Confronted with the problem, the psychologists redesigned the levers, so that each had a unique shape, and one that suggested its purpose. The landing-gear lever sported a knob that made it feel like a wheel, while the flap-control lever was capped with a wedge. As a result of these changes, pilot confusion ceased, as did this kind of accident. This was the beginning of the design principle of ‘shape coding’.

Shape coding is precisely what touchscreens fail to offer.

As this story suggests, good design is maximalist: the more dangerous a device is, the more simple, intuitive, and unambiguous its controls should be. Let me give credit where it is due: Tesla and Rivian are leaning into voice control, which satisfies all three conditions. (Figure 8 in the image above is the Model 3 button that activates this feature). I like this approach, as it not only keeps eyes on the road, but hands on the wheel. It must be said, though, that while it is indeed simple, intuitive, and unambiguous, it lacks a fourth quality that is equally necessary: it is not reliable. The Vi Bilägare study didn't include voice controls in their testing. This was a deliberate choice on their part; because such features work so inconsistently, they didn’t rise to a level to be worth testing.

I understand their perspective. My own Tesla Model 3 nominally permits voice control of many features, but in the months after my purchase, the voice control was so buggy and so laggy that I gave up. These days I don’t even try to use it, having been trained by the car that the feature will disappoint.

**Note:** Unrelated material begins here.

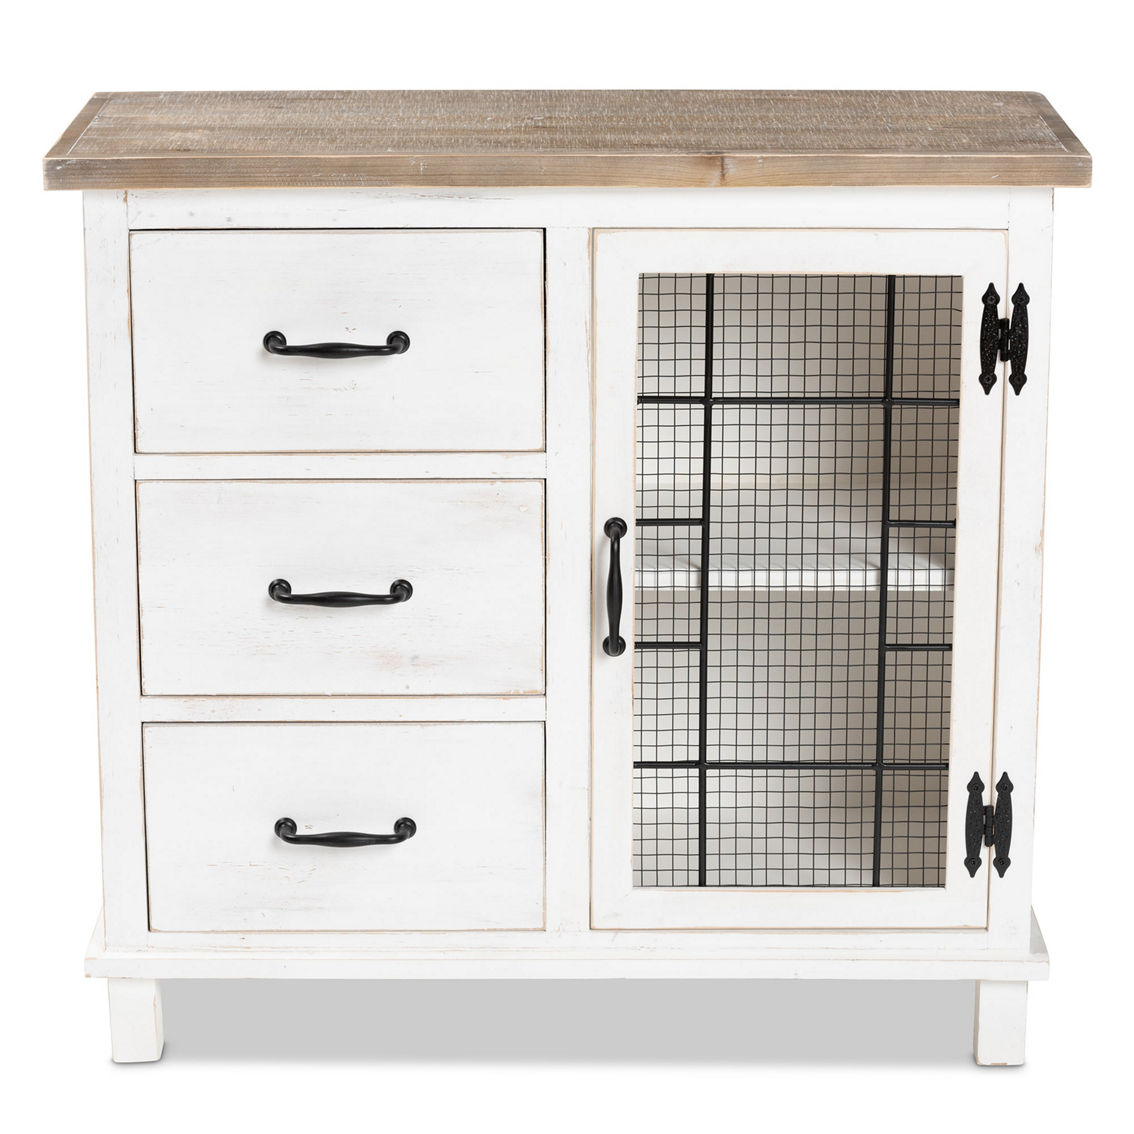 Baxton Studio Faron Distressed White and Oak Brown 3-Drawer Storage Cabinet - Image 3 of 5
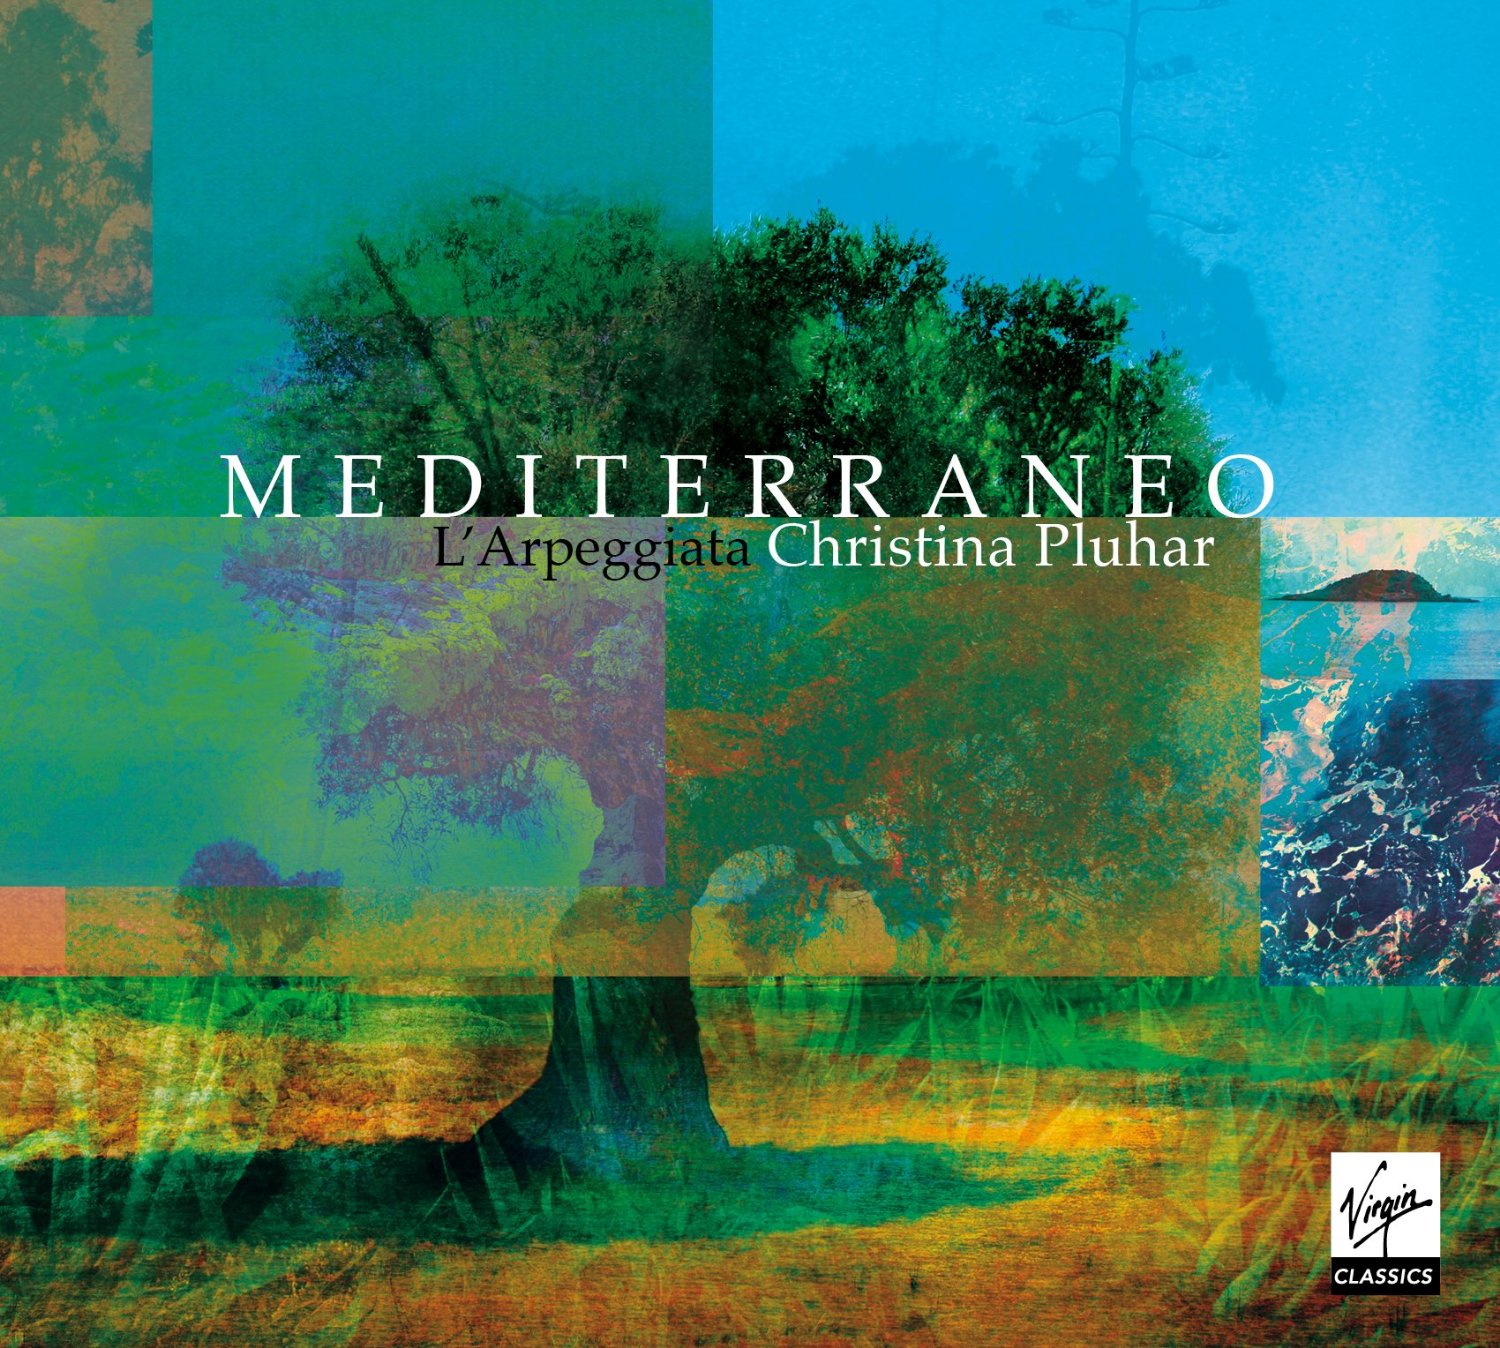 Mediterranean in Baroque, L'Arpeggiata on Mediterraneo,Christina Pluhar

So much for Tesla and Rivian. What are other firms doing? BMW, Mercedes-Benz, Hyundai, and Kia are aiming for a middle ground, using both touchscreens and physical controls. For example, BMW's latest cars pair a large touchscreen with a physical dial controller and separate buttons for climate control. Mercedes-Benz keeps physical controls on their steering wheels so drivers can use screen features without taking their hands off the wheel. (Ferrari and Lamborghini also eschew stalks in favour of turn-signal buttons on the steering wheel.) This approach suggests to me that they are striking a balance between minimalist aesthetics, which they seem to believe modern buyers expect, and a straightforward driving experience, especially the higher-end vehicles where that experience is one of the vehicle’s selling points.

Against these, companies like Toyota, Honda, and Porsche retain physical controls, leaning into reliability, familiarity, and tradition. It’s striking that this conservative approach, which Hyundai has returned to, is shared by both mass-market and luxury brands: the value in maintaining proven interface designs is not limited to a single target market.

We Have to Go Back

I sympathize with Tesla and Rivian’s desire to put touchscreens in their cars. Upon buying my own Model 3, I immediately fell in love with the vehicle’s navigation system: thanks to the Tesla’s large touchscreen, it’s easy to operate, and has dramatically improved my driving experience.

But I note that I tend to set up navigation for my trip at the beginning of my trip, before putting the car in motion.

That makes the touchscreen the right tool for that job. It excels at it, as well as giving me other valuable information, like the current charge in the battery, or the PSI of my tires, and more. But I’m glad that, for my model at least, I don’t need to rely on the screen for core driving functions where safety is paramount. The fact that other automakers are shifting, loudly and proudly, back toward physical controls for critical functions suggests that they, and their markets, understand this.

One day we’ll have privately-owned vehicles that won’t need a human interface for driving, or other safety functions, at all. (Though I’m not as confident as some are that that day is near at hand.) When cars can drive themselves, we’ll all be better off, because such cars will be safer drivers than humans are. Until that day comes, we human drivers need controls we can find without looking and operate without thinking. And, however retro and uncool they may be, that means analog controls.